> _Data extract_:
++++

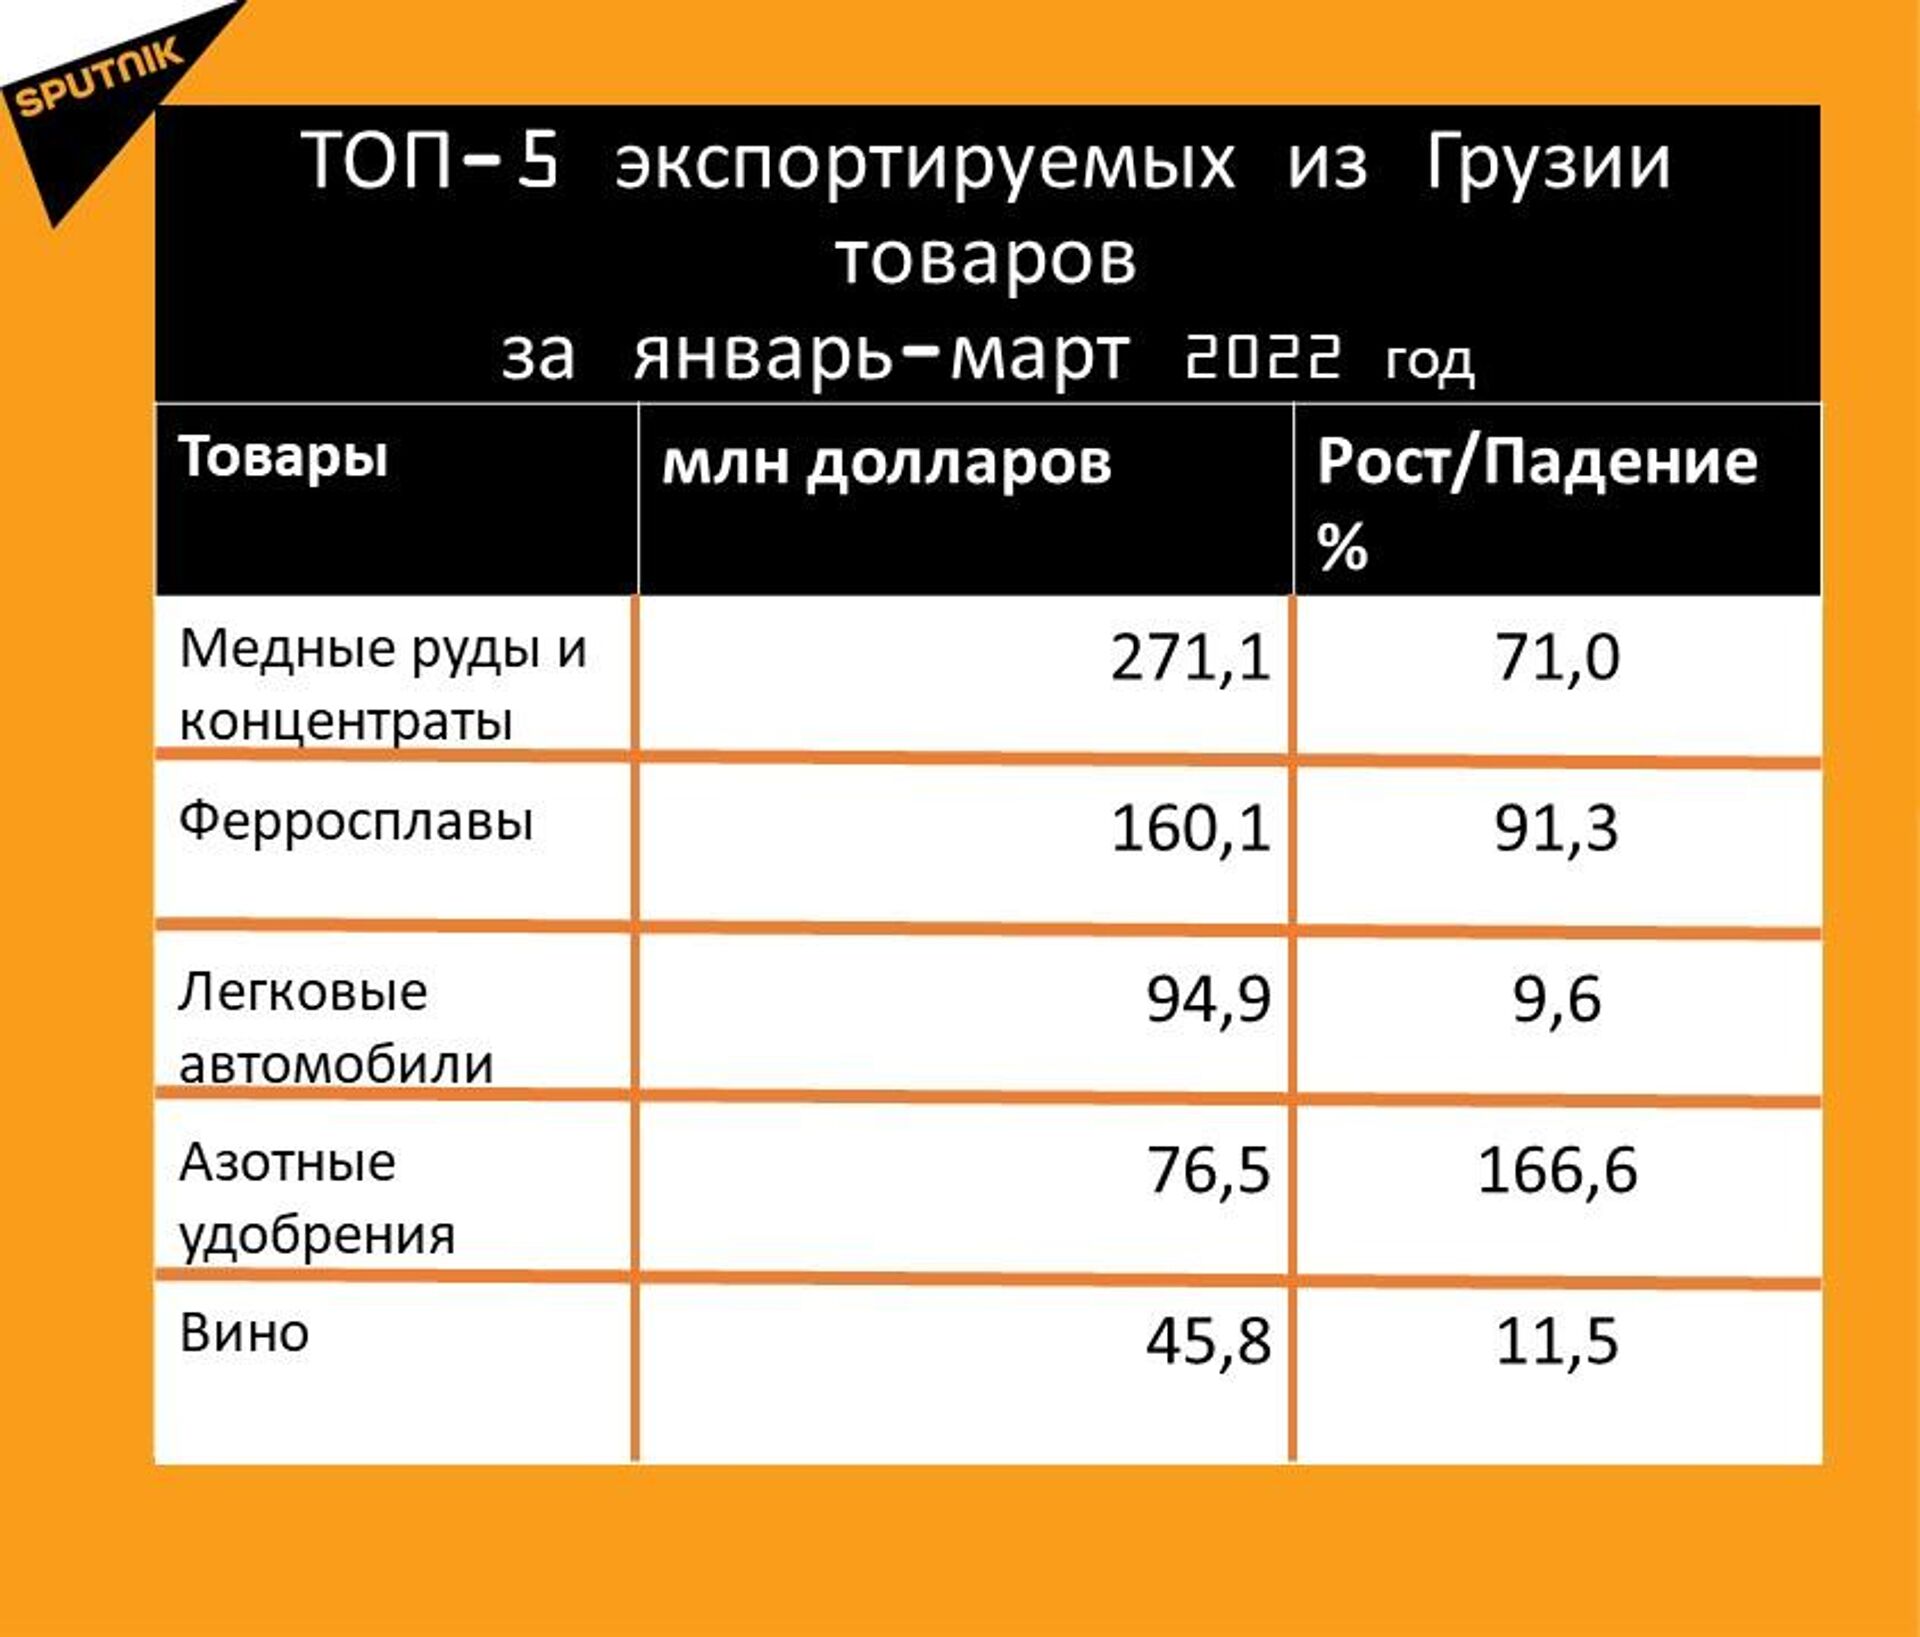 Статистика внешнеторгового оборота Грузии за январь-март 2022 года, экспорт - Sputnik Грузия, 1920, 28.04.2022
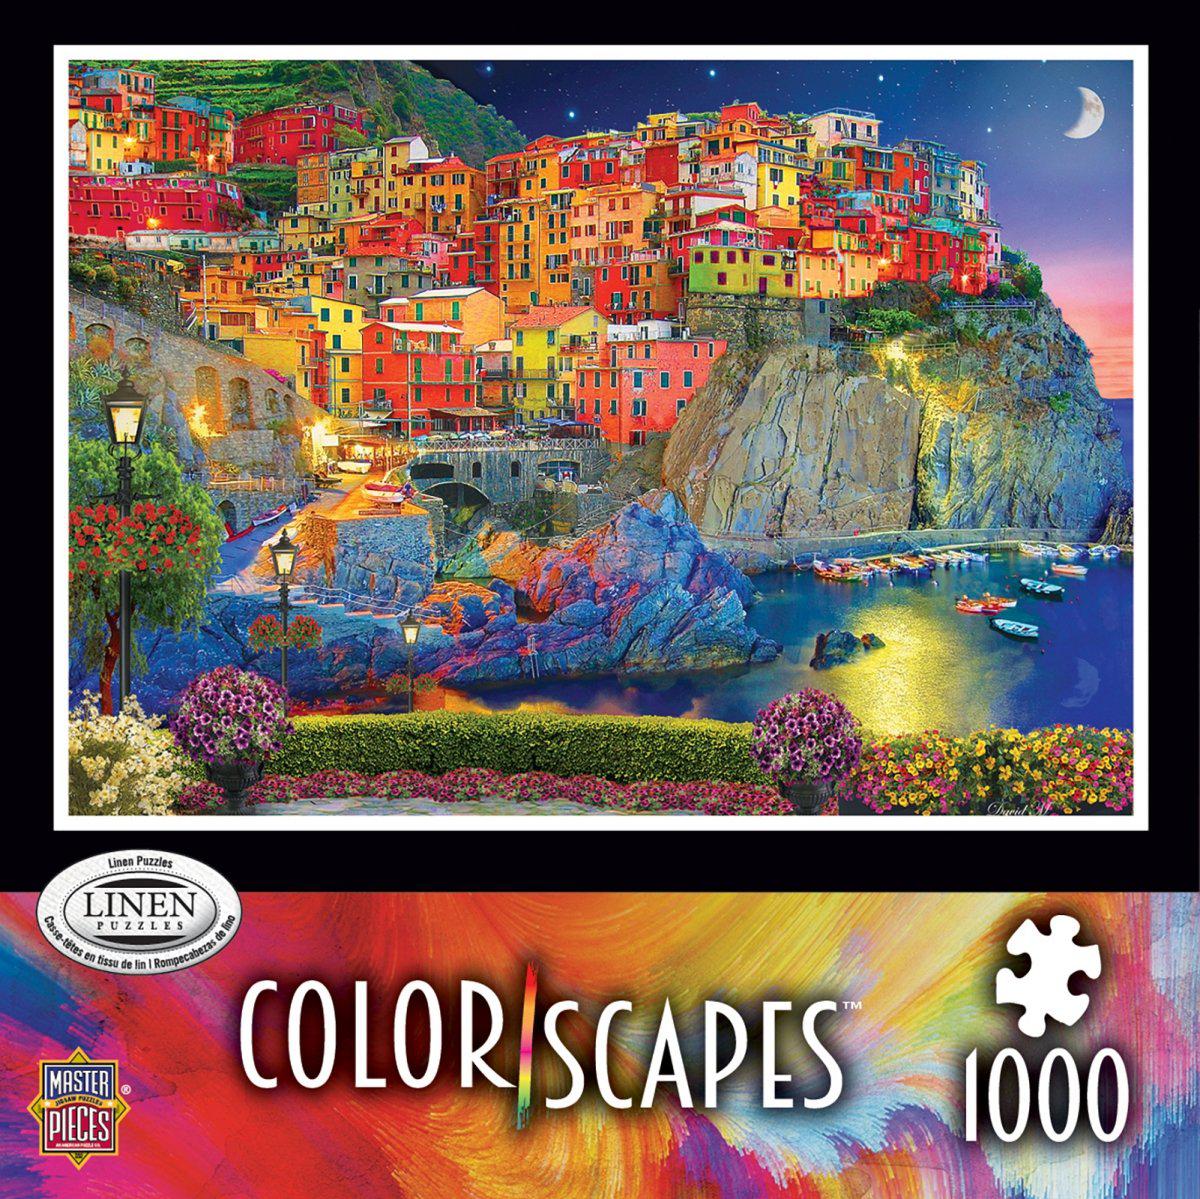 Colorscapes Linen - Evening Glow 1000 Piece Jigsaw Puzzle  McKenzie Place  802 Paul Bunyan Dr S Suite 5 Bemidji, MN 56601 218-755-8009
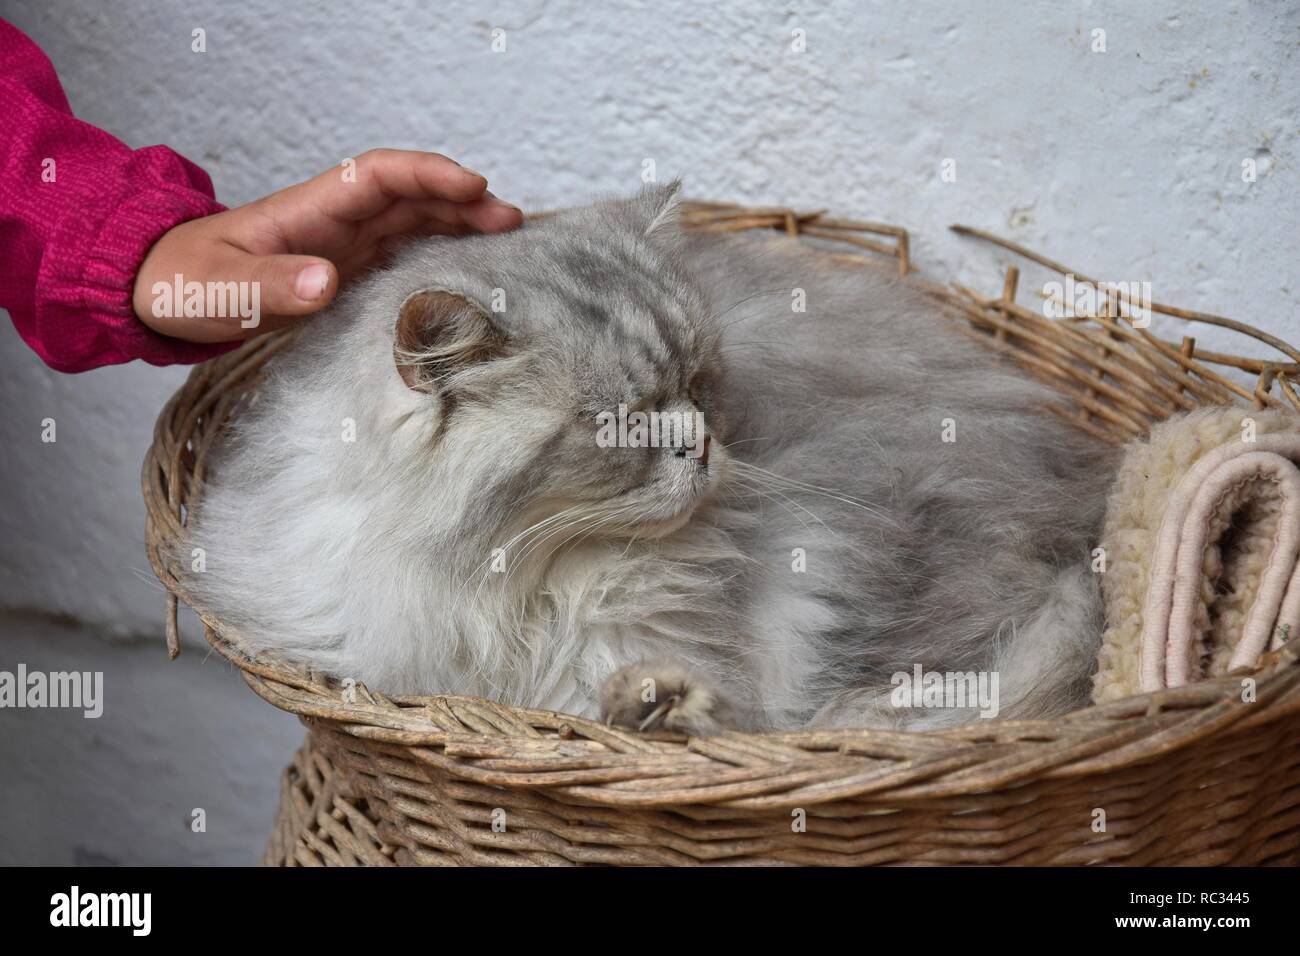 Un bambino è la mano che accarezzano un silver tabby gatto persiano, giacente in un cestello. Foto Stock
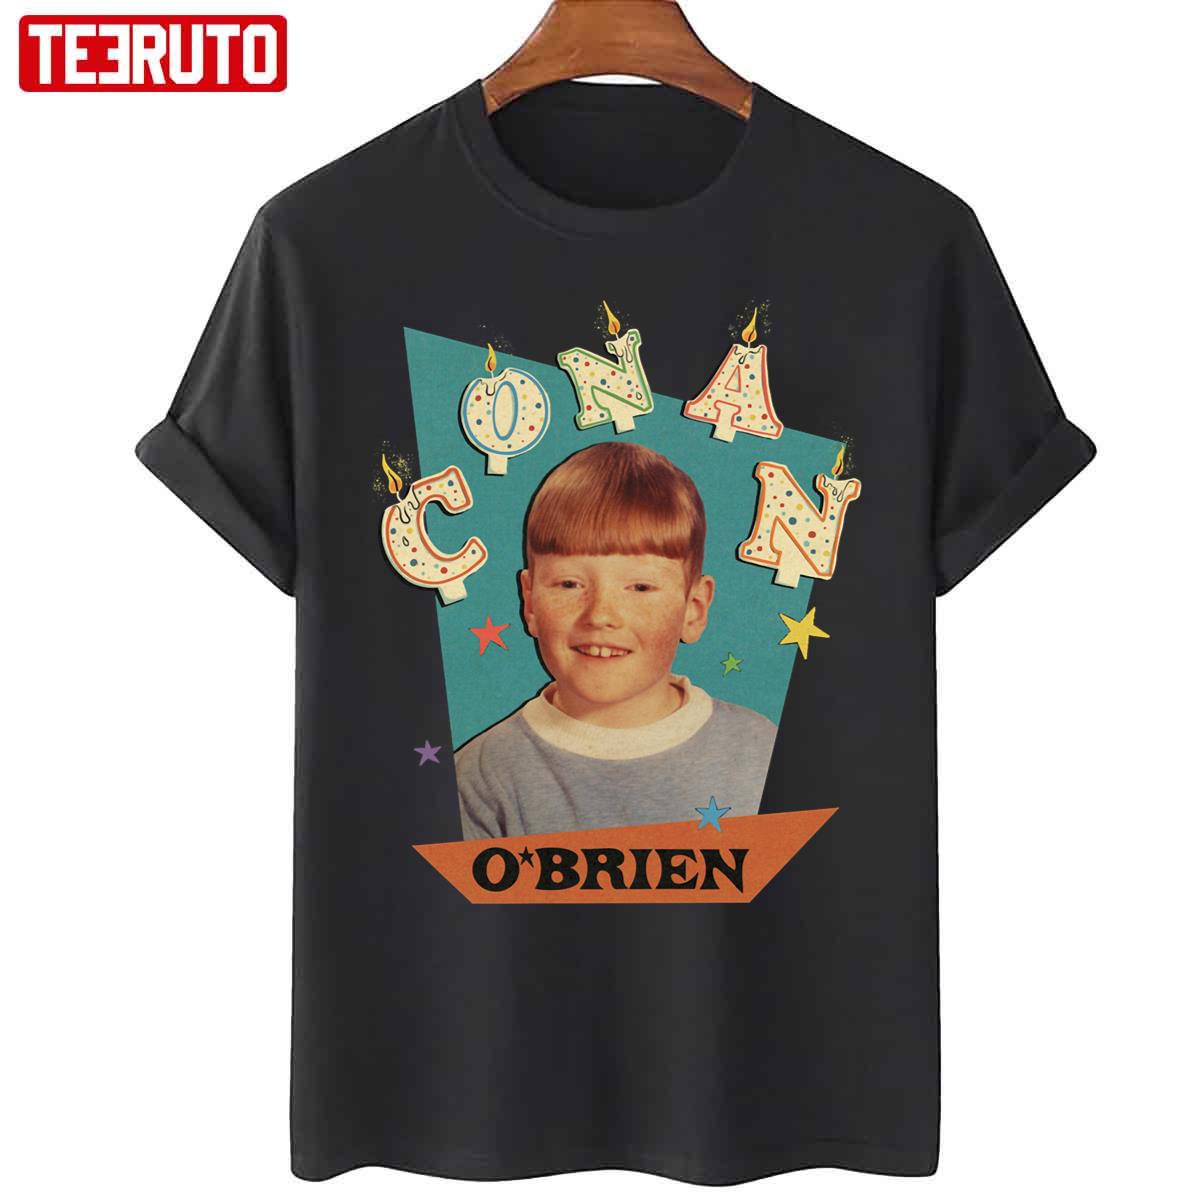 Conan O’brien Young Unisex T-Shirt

++++

Set down the material above exactly. Skip any picture.

> _Your response_:
 Статистика внешнеторгового оборота Грузии за январь-март 2022 года, экспорт - Sputnik Грузия, 1920, 28.04.2022
 Colorscapes Linen - Evening Glow 1000 Piece Jigsaw Puzzle  McKenzie Place  802 Paul Bunyan Dr S Suite 5 Bemidji, MN 56601 218-755-8009
 Un bambino è la mano che accarezzano un silver tabby gatto persiano, giacente in un cestello. Foto Stock
 Conan O’brien Young Unisex T-Shirt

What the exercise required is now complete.